Task material:
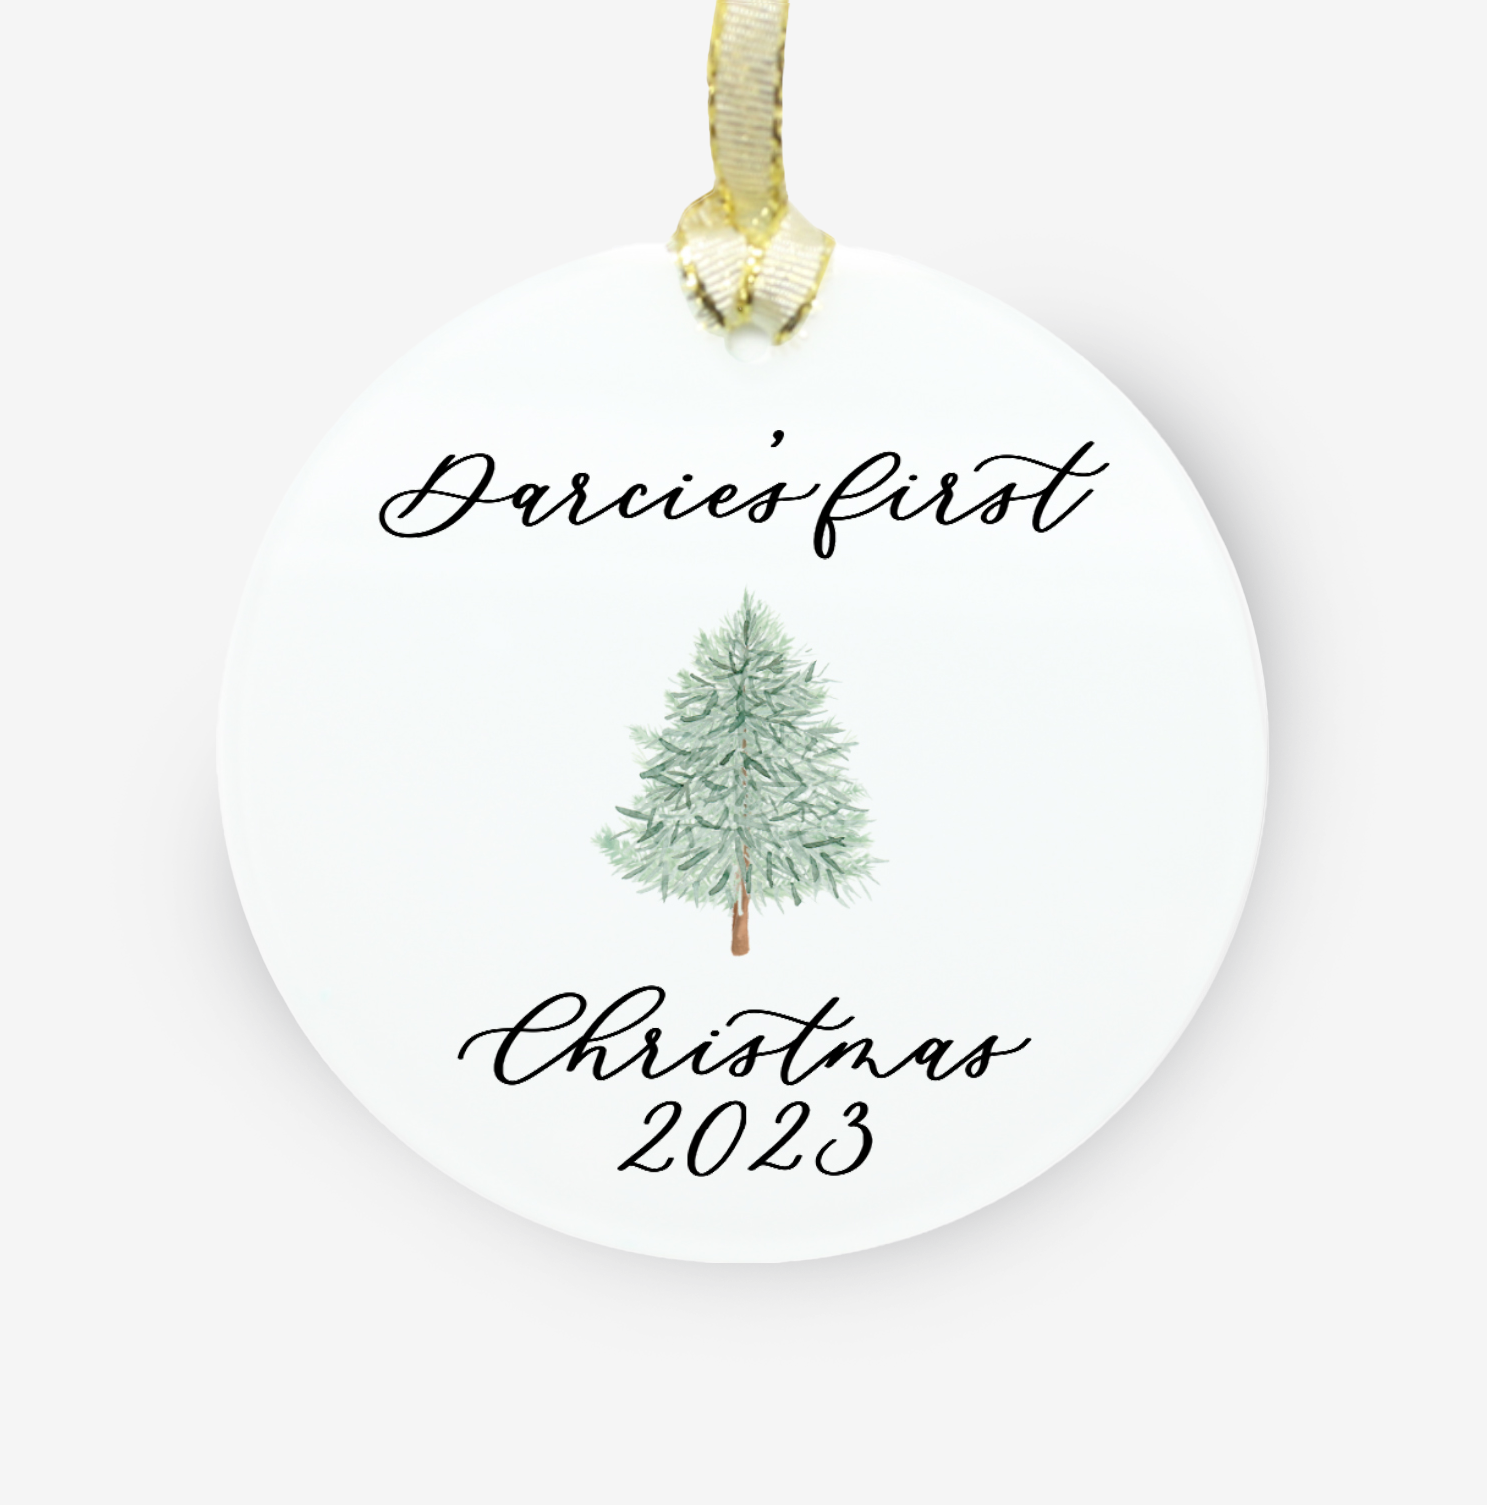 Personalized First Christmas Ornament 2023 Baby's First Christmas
==
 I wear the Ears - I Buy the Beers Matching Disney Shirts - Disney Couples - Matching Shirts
---
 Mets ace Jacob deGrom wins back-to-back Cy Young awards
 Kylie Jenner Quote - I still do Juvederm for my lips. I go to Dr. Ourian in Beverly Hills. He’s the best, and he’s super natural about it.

Task to carry out:
Reproduce verbatim only the segment of the listing bounded by the line containing "Mets ace Jacob" and the line containing "Kylie Jenner Quote", with both boundary lines included.

Output for this task:
 Mets ace Jacob deGrom wins back-to-back Cy Young awards
 Kylie Jenner Quote - I still do Juvederm for my lips. I go to Dr. Ourian in Beverly Hills. He’s the best, and he’s super natural about it.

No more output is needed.